Once you find the line with "Lotte Van Huyck" in the listing below, set down exactly every line from it through the line with "Vloerkleed Xilento Shine Mid Grey", but no pictures.
Available data: Begin
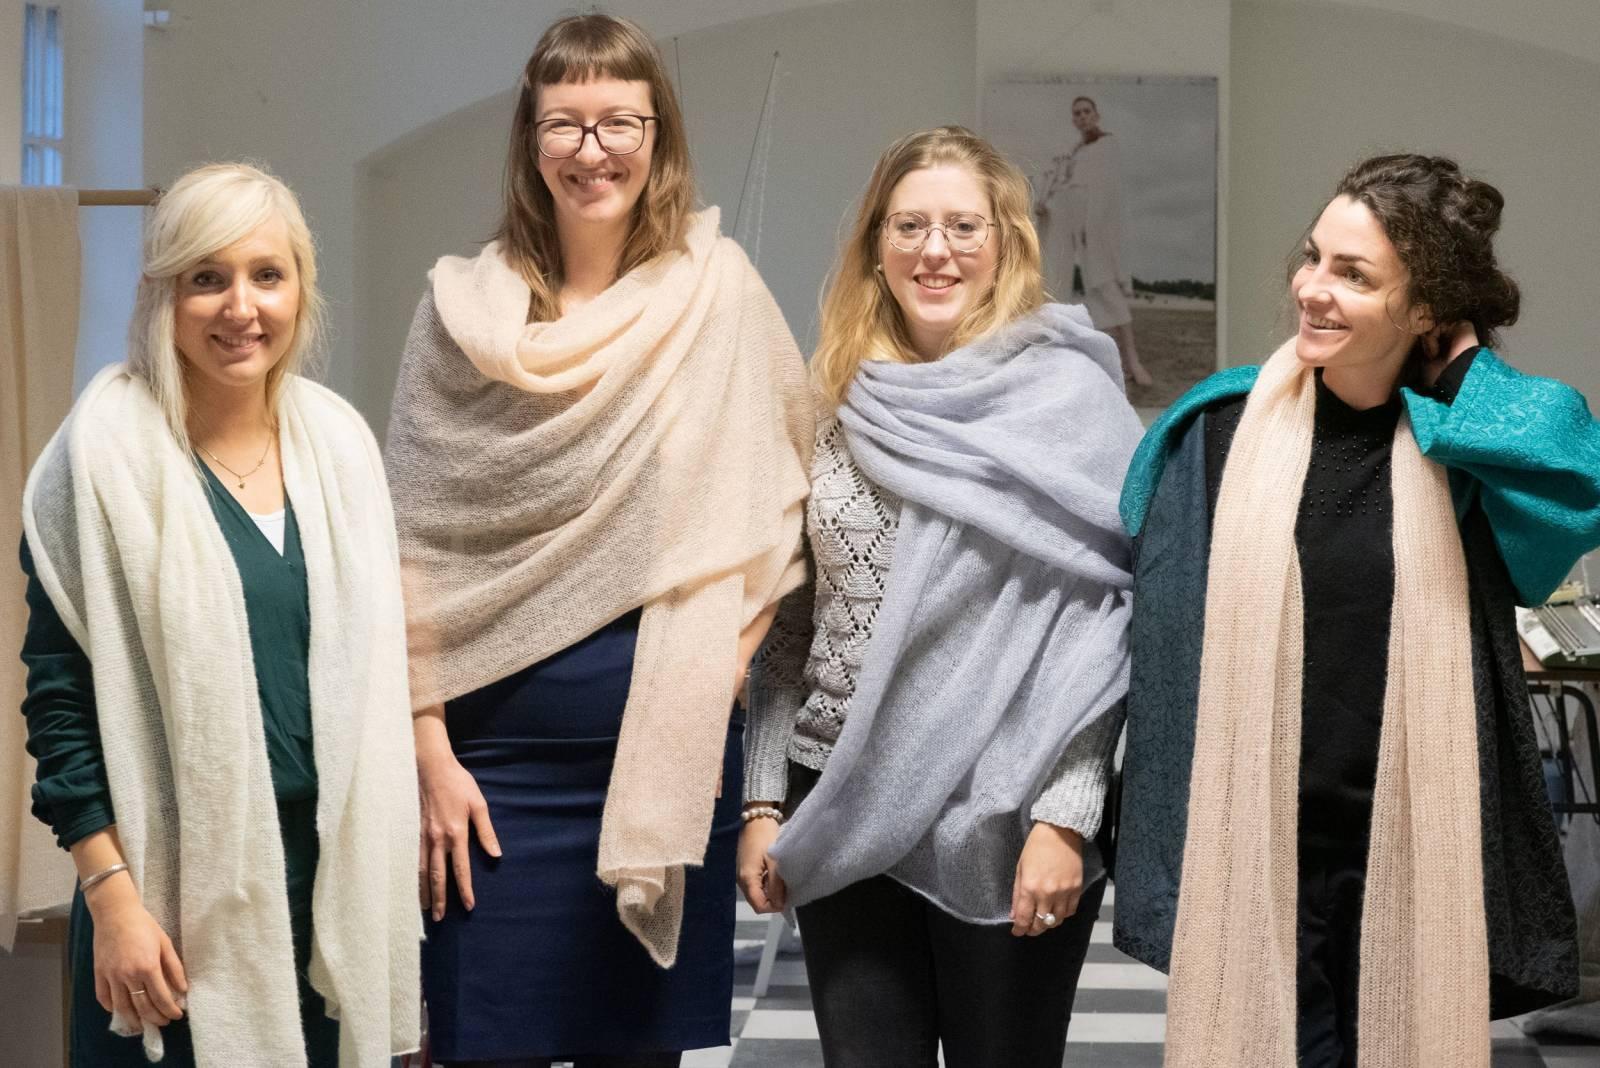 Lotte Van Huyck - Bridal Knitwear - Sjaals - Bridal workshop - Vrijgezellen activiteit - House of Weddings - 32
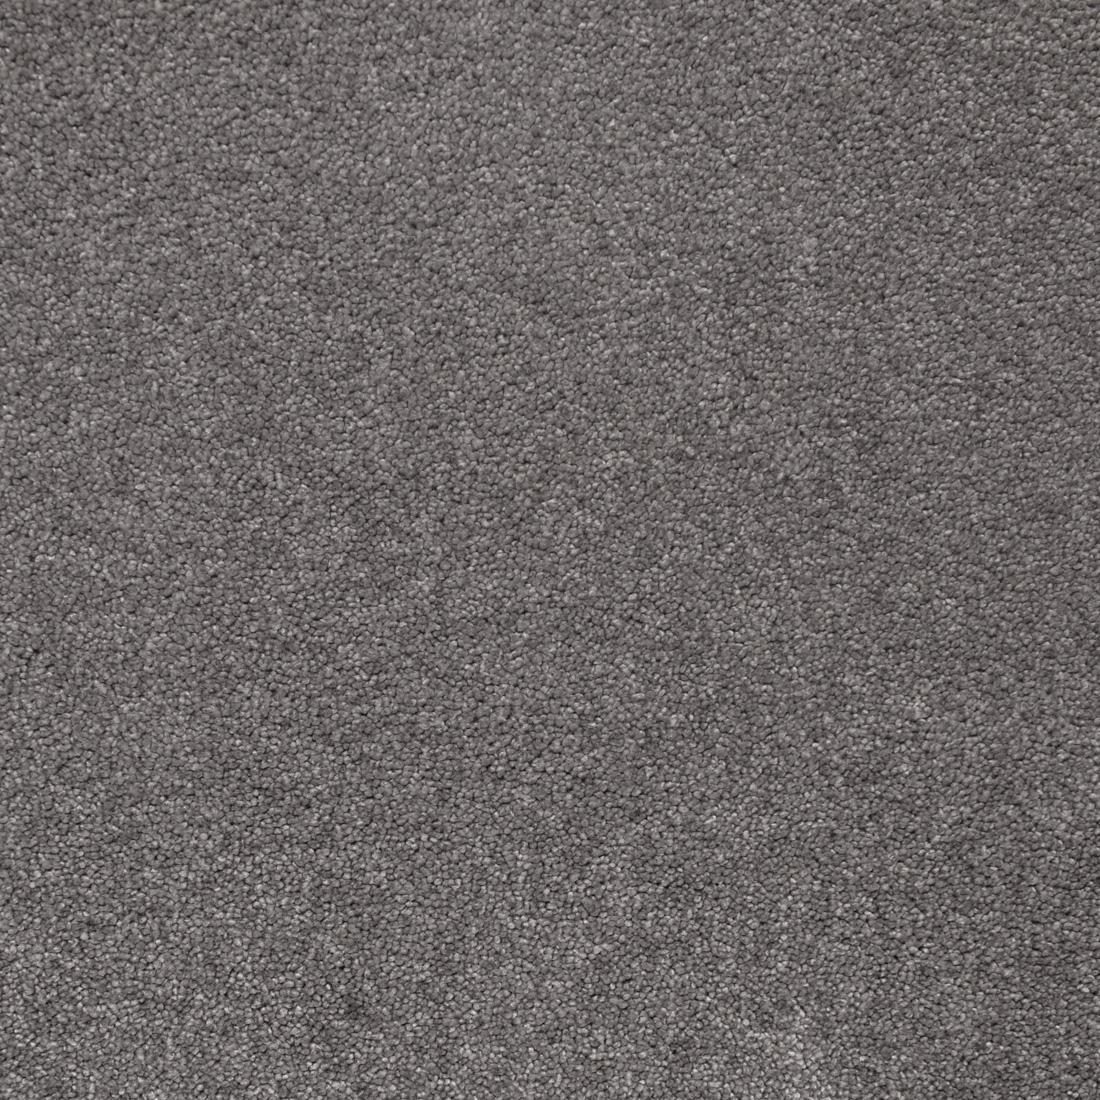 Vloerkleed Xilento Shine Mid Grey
Available data: End
Available data: Begin
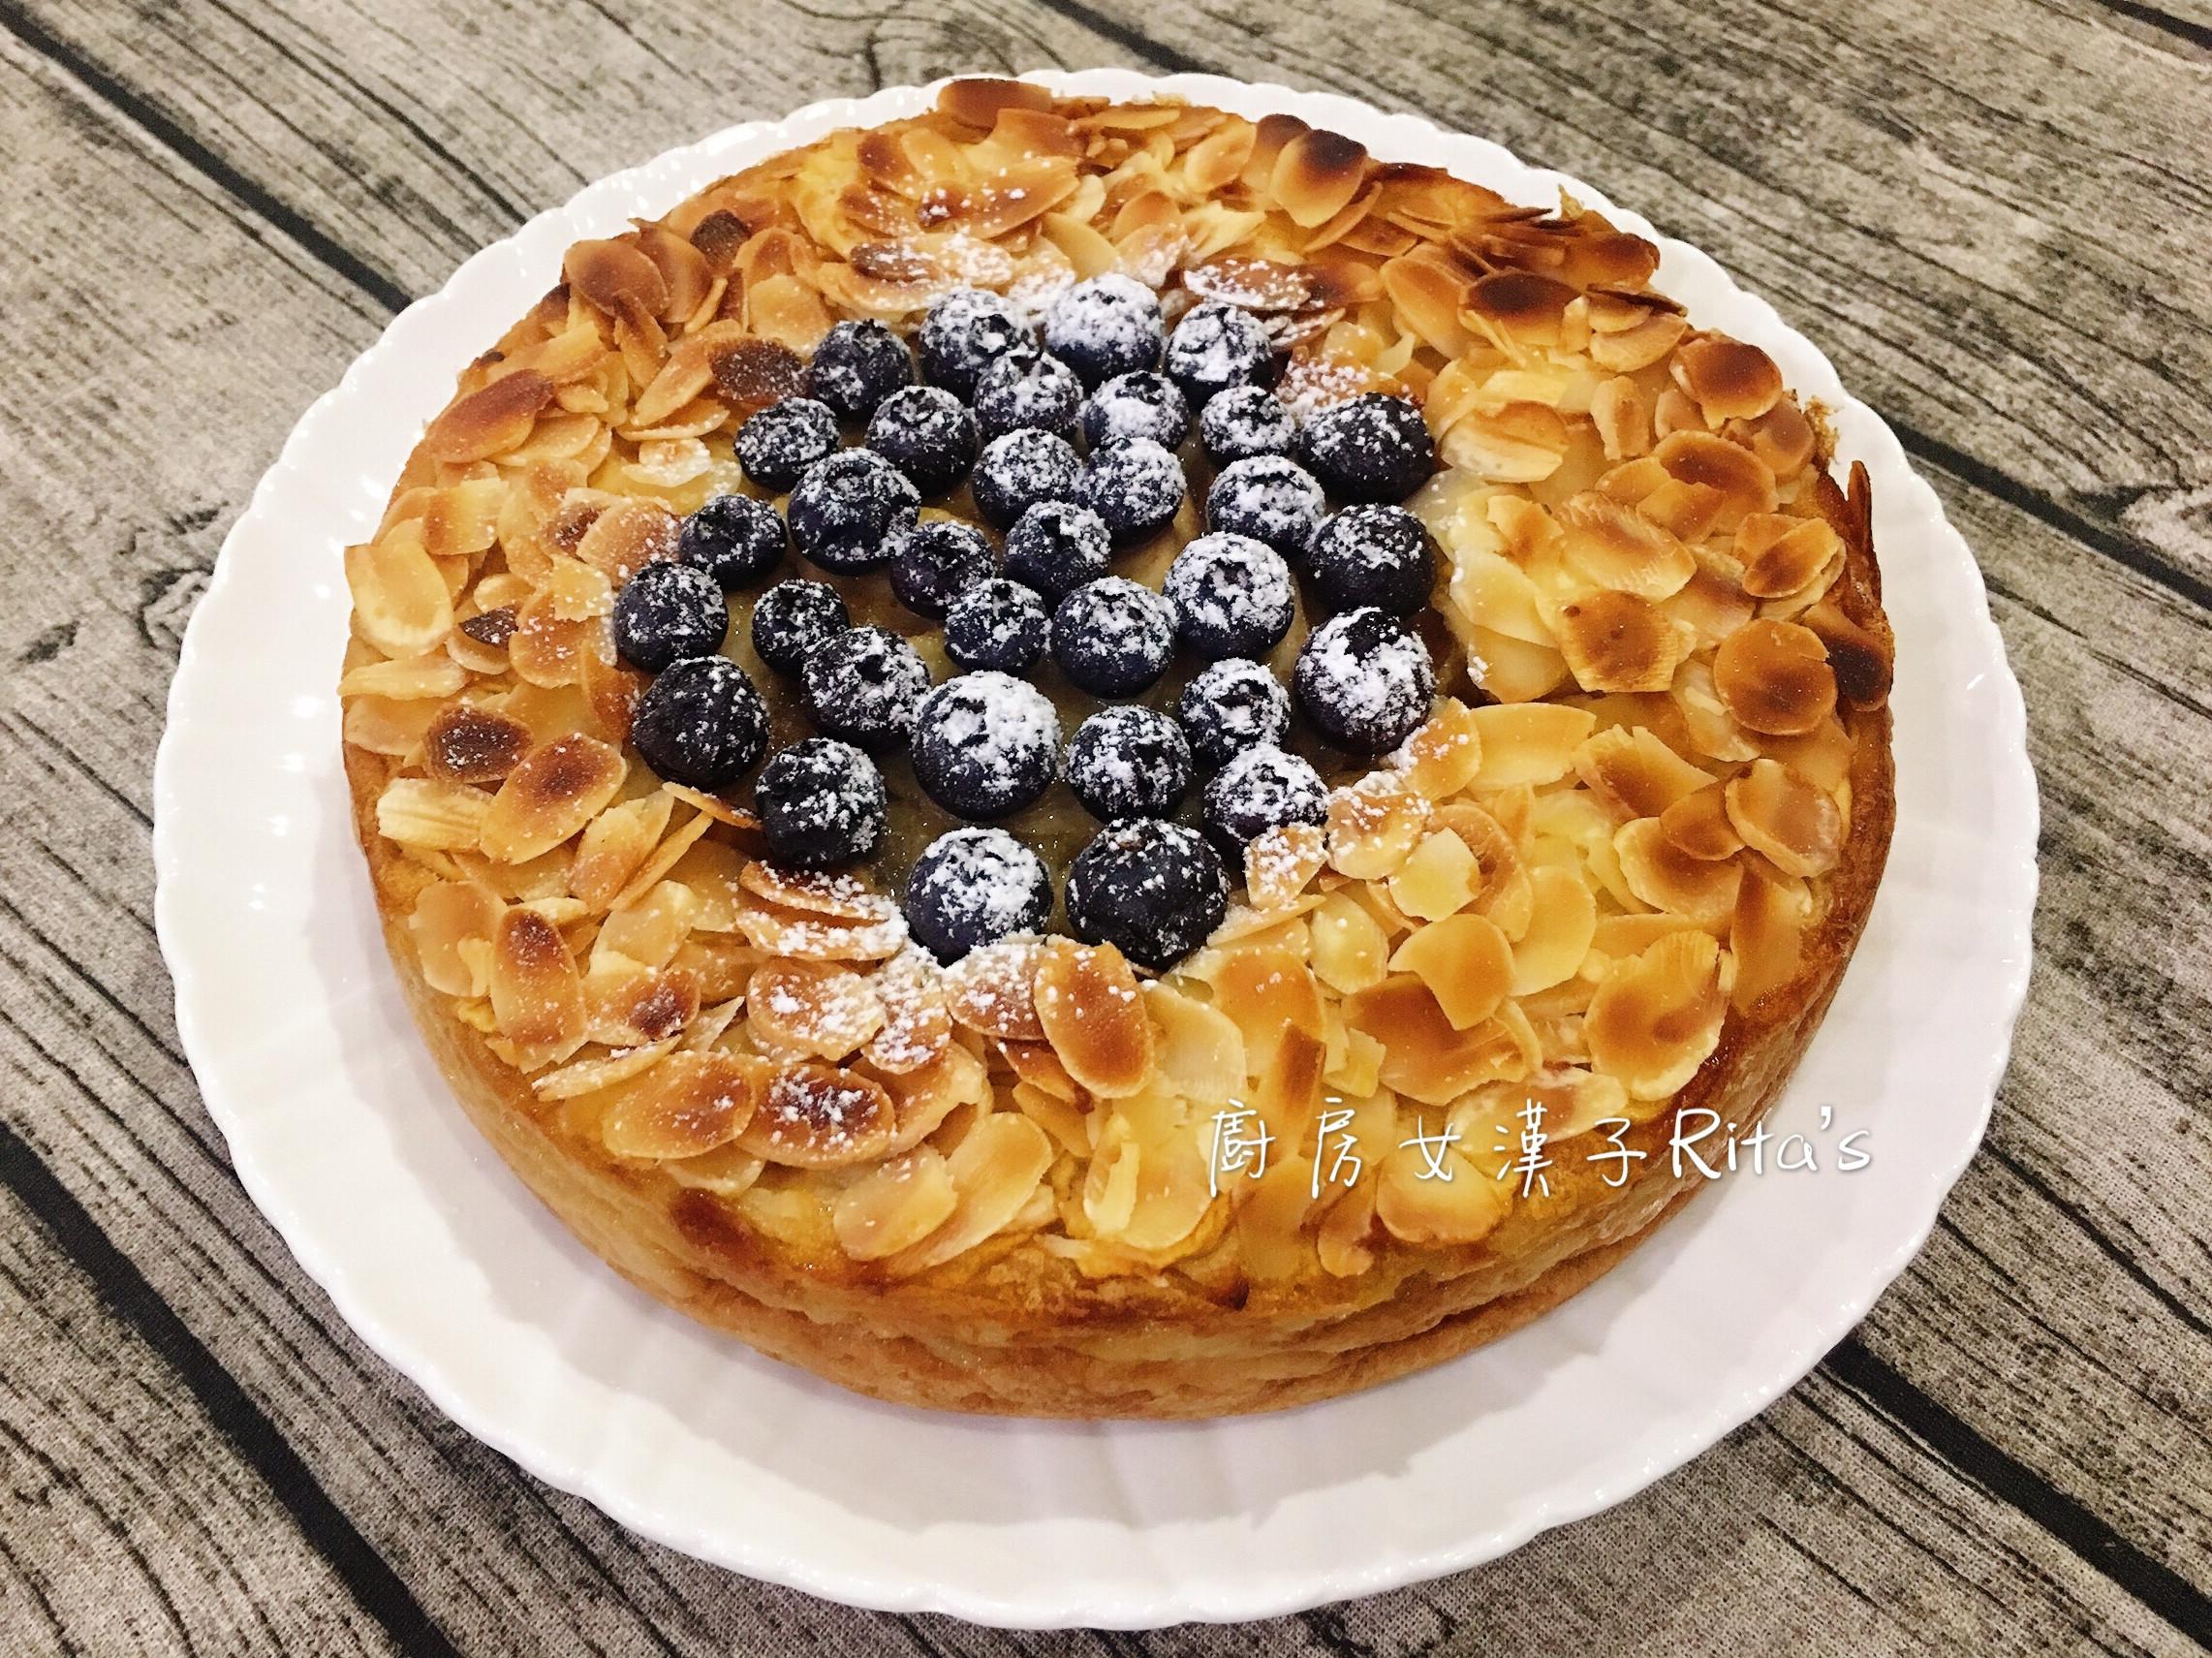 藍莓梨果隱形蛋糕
Available data: End
Available data: Begin
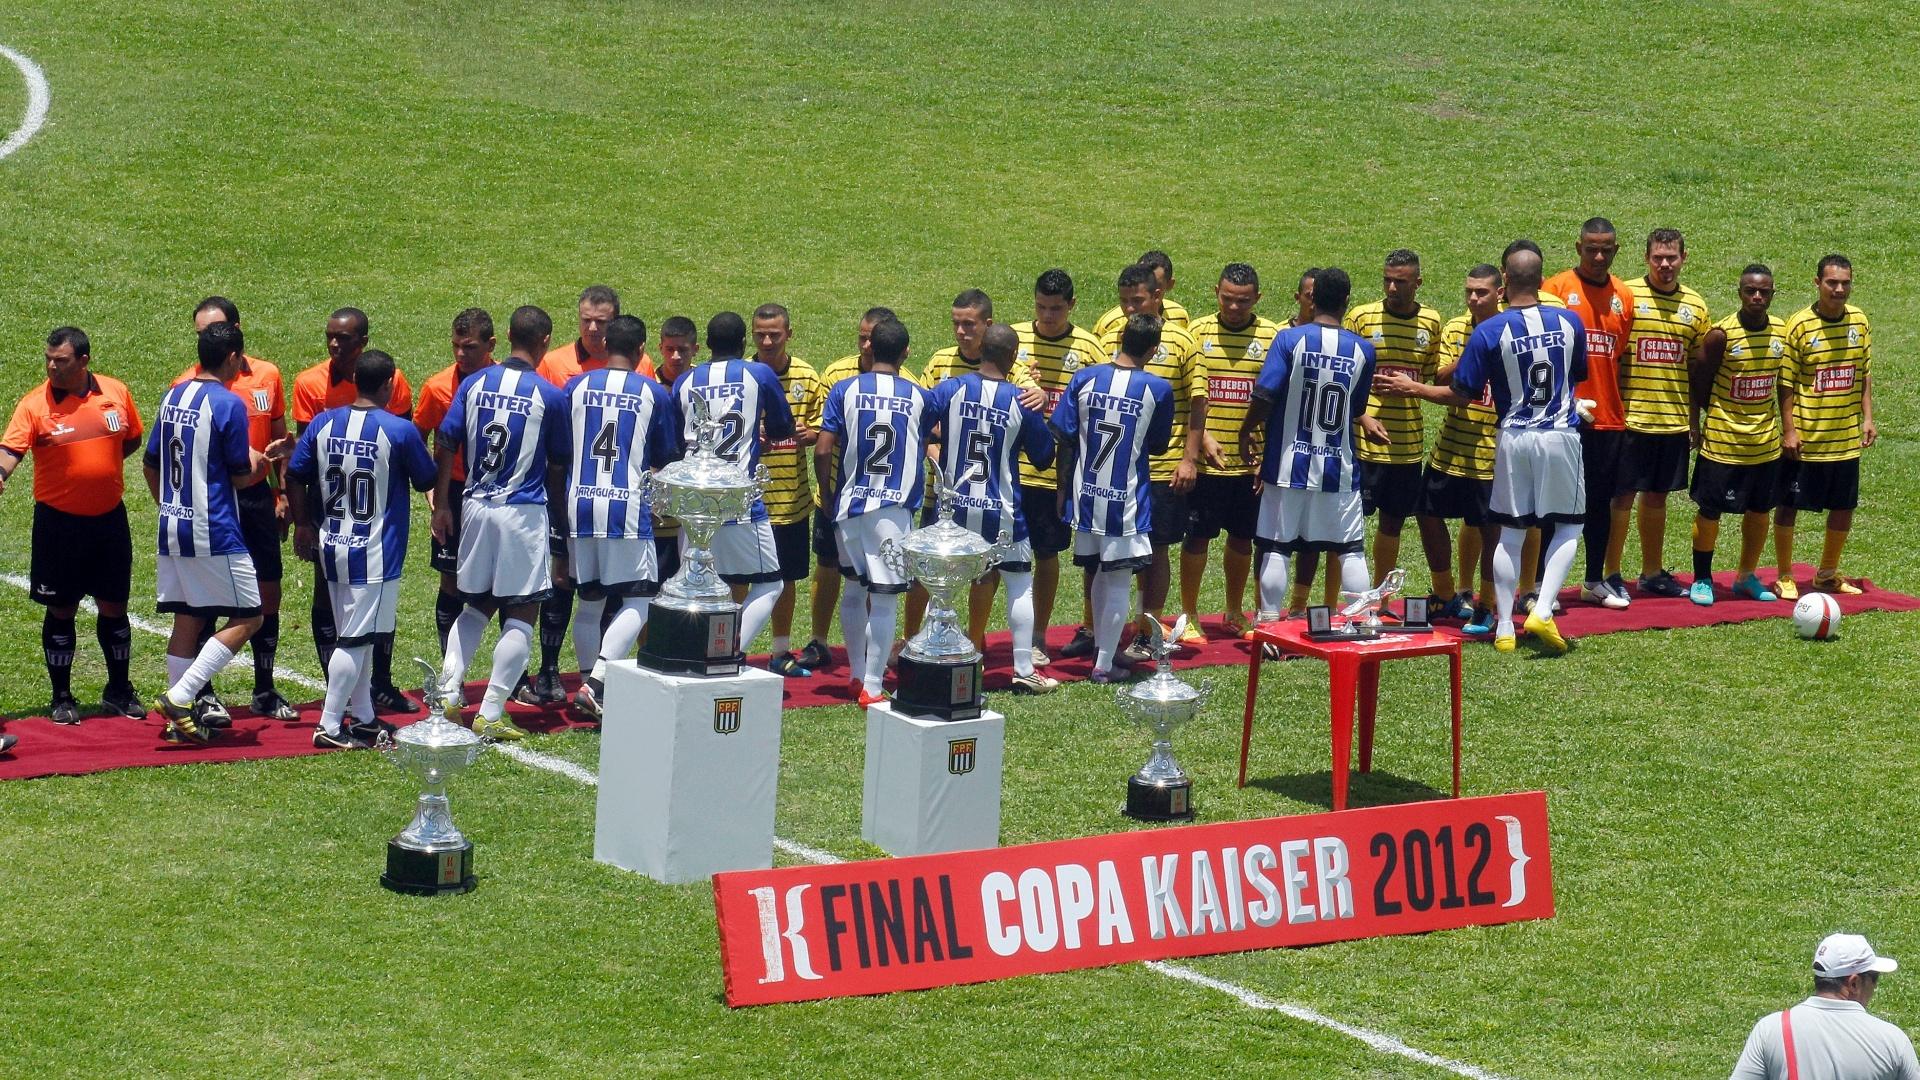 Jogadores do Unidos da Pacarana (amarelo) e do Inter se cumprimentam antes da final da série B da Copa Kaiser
Available data: End
● Result for this task
 Lotte Van Huyck - Bridal Knitwear - Sjaals - Bridal workshop - Vrijgezellen activiteit - House of Weddings - 32
 Vloerkleed Xilento Shine Mid Grey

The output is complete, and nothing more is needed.